__Input data__:
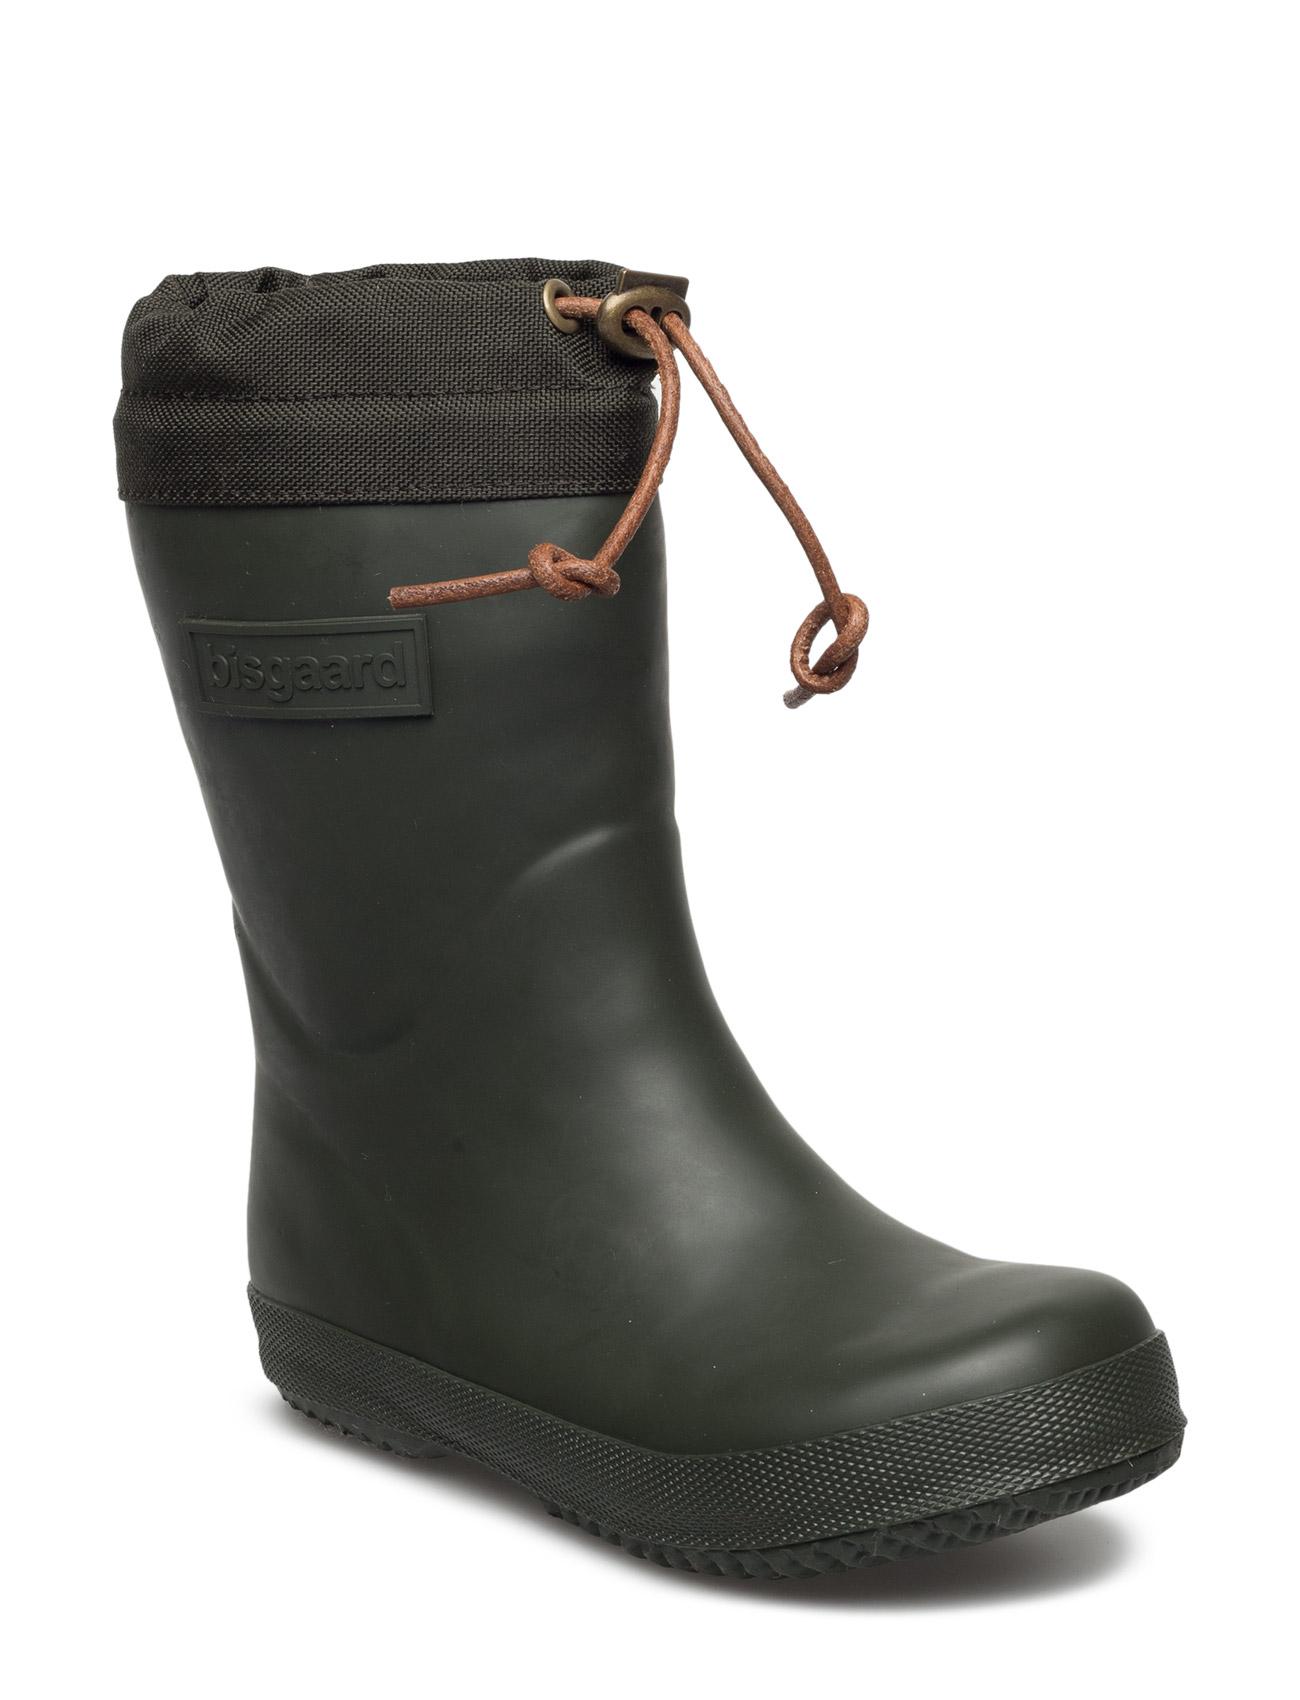 Rubber Boot -  Winter Thermo Bisgaard Gummistøvler til Børn i
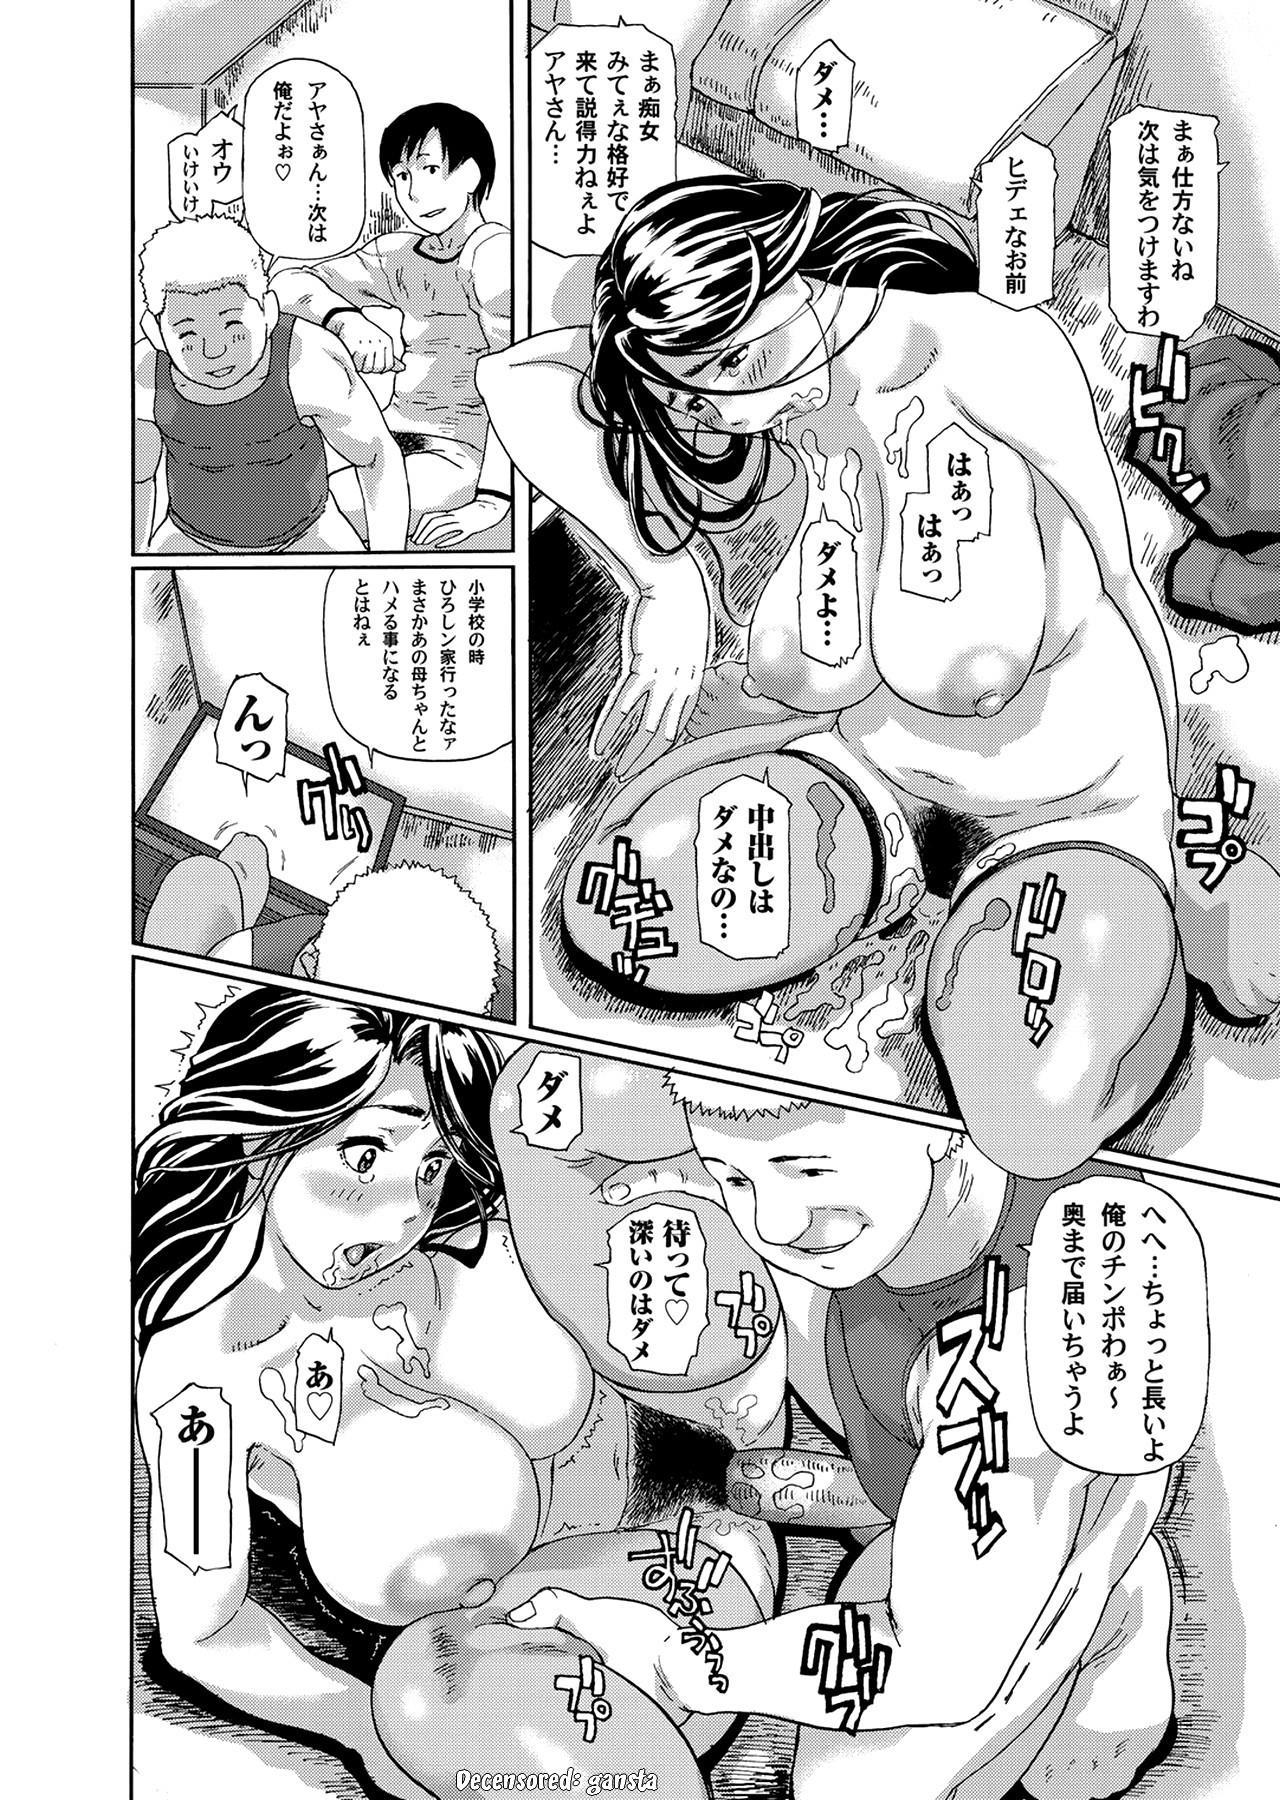 Boku no Hentai Okaa-san 11
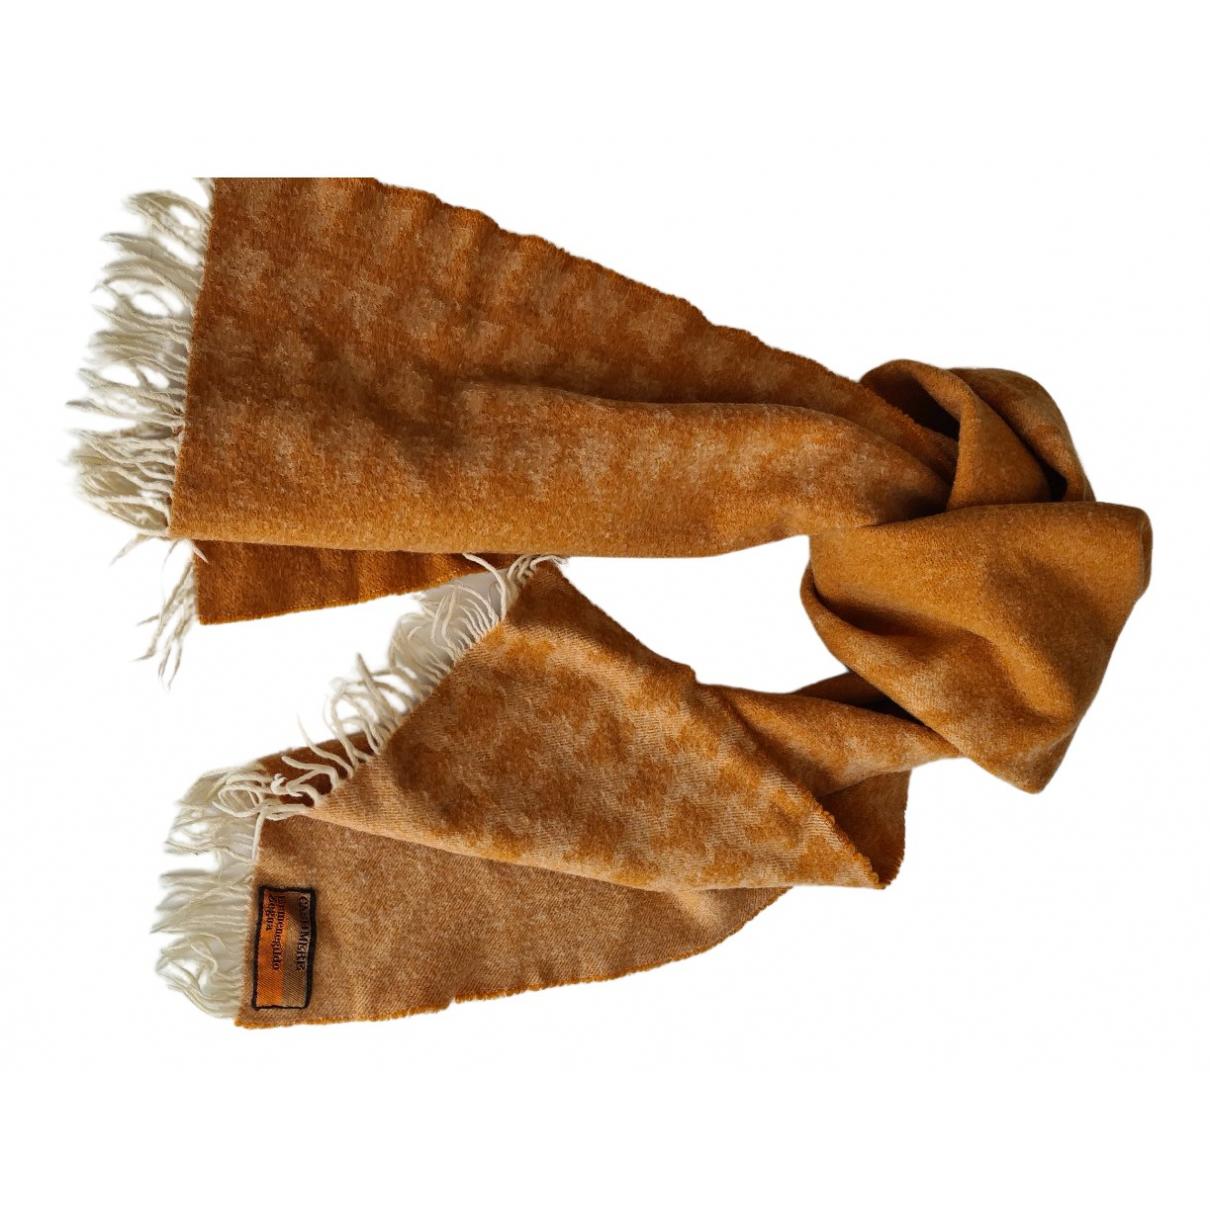 Pañuelo / bufanda de Cachemira Ermenegildo Zegna

__Exercise__:
Transcribe all the material exactly; skip every image.

__Problem solution__:
 Rubber Boot -  Winter Thermo Bisgaard Gummistøvler til Børn i
 Boku no Hentai Okaa-san 11
 Pañuelo / bufanda de Cachemira Ermenegildo Zegna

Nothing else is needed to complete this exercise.